Keep in mind pure Python loops get statically unrolled, so what XLA receives as input is a "concatenation" of n bodies of the loop above. This section of the JAX Sharp Bits page has more context: Python control flow + JIT. See also this section on JAX control flow primitives that are built on top of XLA-native constructs: Structured control flow primitives. The entire page is worth reading.

jakevdp commented 12 months ago

Hi @nshepperd – I think this is working more-or-less as expected. As @andportnoy mentioned, Python control flow is statically unrolled in JAX programs, and in general XLA compilation cost is roughly quadratic in the unrolled size of the program. Because of this, a key recommendation in using JAX effectively is to avoid large Python loops within transformations like JIT. So, for example, if you're looping over operations on array values, you can often re-express your computation in terms of vmap or other vectorized expressions. If you're looping over steps in a pipeline, you might use fori_loop.
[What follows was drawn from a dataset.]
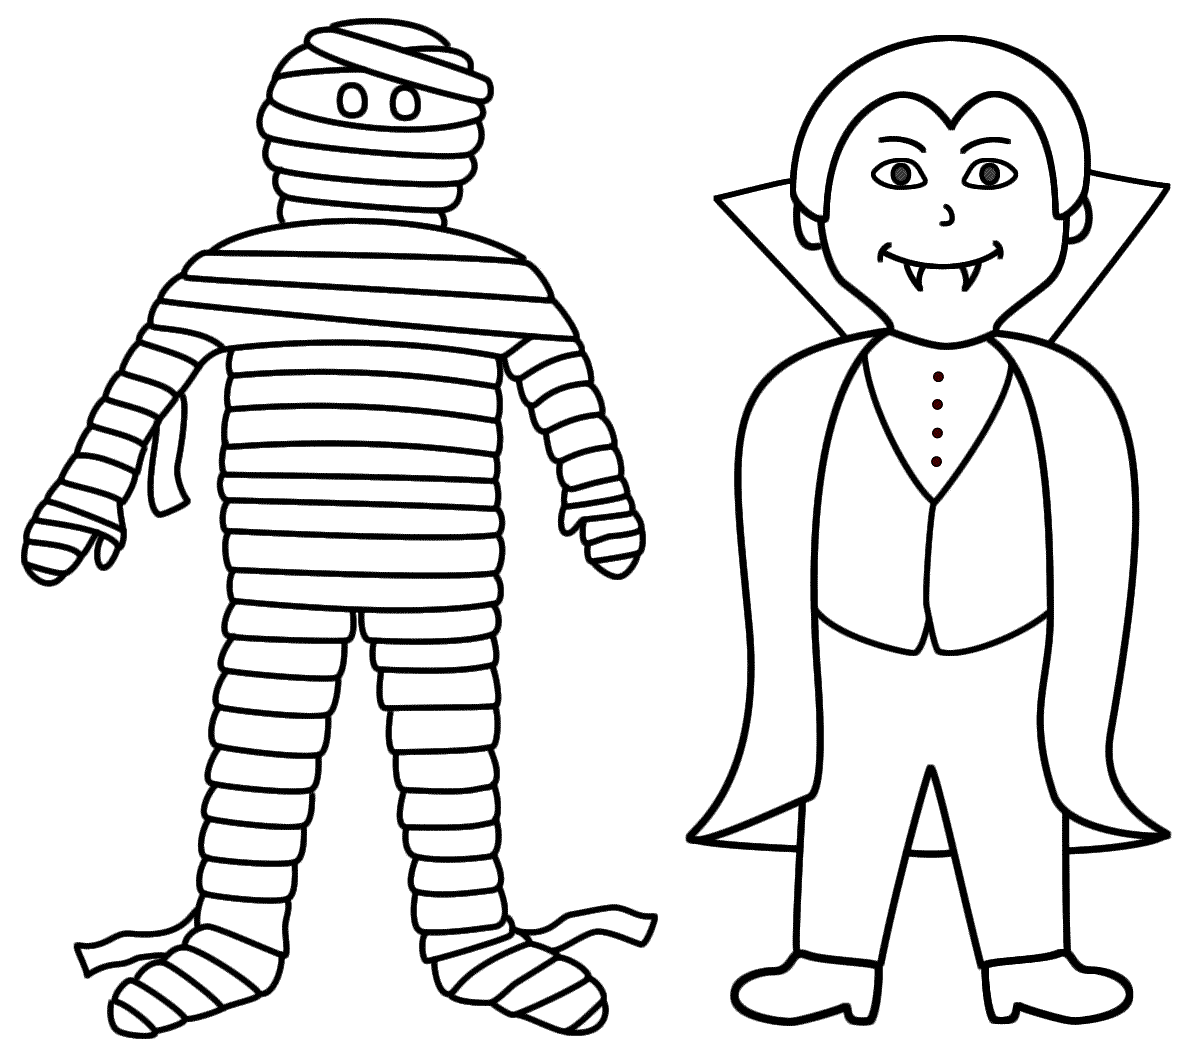 Mummy with a vampire - Coloring Page (Halloween)

If you're looping over e.g. expensive training steps (where the runtime of the loop body is much longer than the typical operation dispatch time), then a useful pattern is to JIT-compile just the loop body, and iterate outside JIT over calls to that function.

Hope that helps!

nshepperd commented 12 months ago

Yes, I'm aware of vmap/scan/etc. The loop being unrolled is intentional, as it is a straightforward way to make a computation graph with a certain number of nodes. I don't believe the compilation runtime should be cubic on any program since this can easily make large model evaluations unfeasible.
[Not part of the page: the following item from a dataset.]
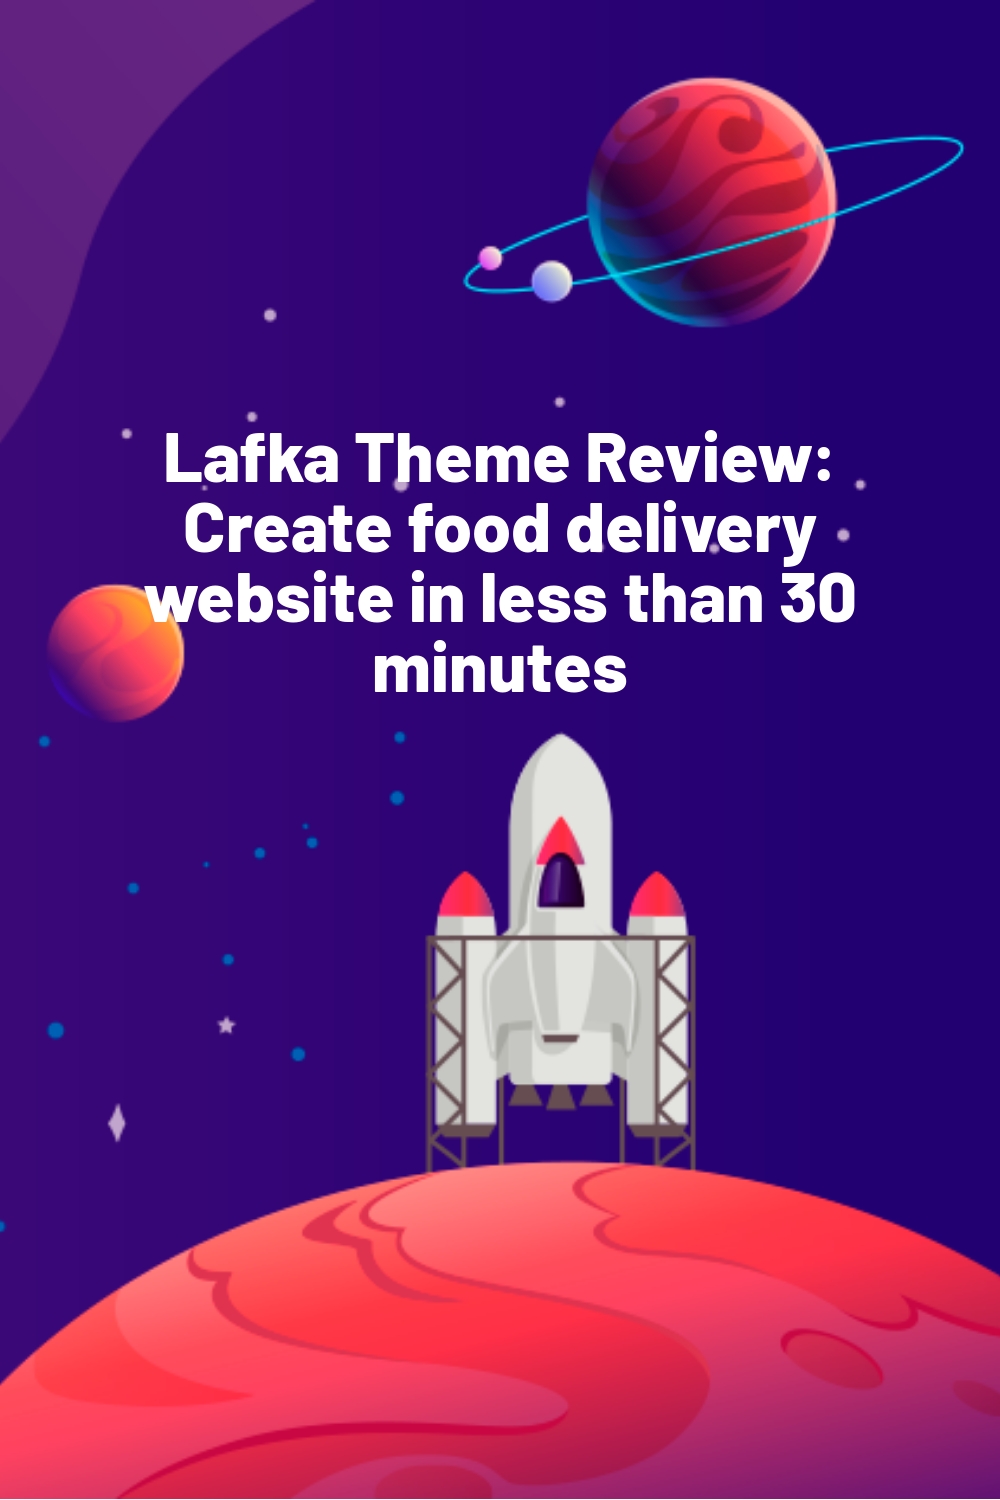 Lafka Theme Review: Create food delivery website in less than 30 minutes

nshepperd commented 12 months ago

I also object to compilation runtimes being quadratic but accept that improving the runtime to O(n log n) is most likely quite a bit more nontrivial.

nshepperd commented 12 months ago

Well I figured out why this is taking so long with a bit of stack trace sampling. GpuInstructionFusion is extremely inefficient on this case. In particular, InstructionFusion iterates over all ops (which is expected), looking for fusible ops, but when checking the fusibility for each op calls xla::gpu::SharedMemoryUsage, which is itself O(n^2) in the size of any HloOpcode::kFusion op encountered (which increases over time to the full size of the program in this case where the whole thing can be fused, because it's all elementwise ops).

The reason xla::gpu::SharedMemoryUsage is quadratic is because it enumerates the instructions inside the fused computation op, and invokes FindNonTrivialHero for each of them, which itself does a bfs search over the same instructions. This seems very easily fixable just by memoizing the bfs within FindNonTrivialHero for this case.

(Gpu)InstructionFusion as a whole seems like it should be doable in O(n) by computing SharedMemoryUsage more carefully and updating it if necessary.

jakevdp commented 12 months ago

Thanks for digging-in: for what it's worth, all of the xla compilation-related code is maintained in https://github.com/openxla/xla. You might have some luck raising an issue there.

hawkinsp commented 11 months ago

I agree this is certainly an XLA bug. O(n^2) algorithms in compilation are not acceptable.

hawkinsp commented 11 months ago

Filed https://github.com/openxla/xla/issues/7971

cheshire commented 3 months ago

SharedMemoryUsage was specifically written with memoization cache in mind, cf. https://github.com/openxla/xla/blob/main/xla/service/gpu/gpu_fusible.cc#L731-L735 .

I wonder is it not triggering? Or because a new fusion invalidates the search?

cheshire commented 3 months ago

@olegshyshkov WDYT?

olegshyshkov commented 3 months ago

We didn't use cache for SharedMemoryUsage in PriorityFusion until recently. I fixed it in https://github.com/openxla/xla/commit/5b0e626589b08de741c14c2568cf1b942ace55ba. Can't say anything about GpuInstructionFusion, it shouldn't be used anymore.

cheshire commented 3 months ago

@nshepperd could you verify that the bug is fixed now?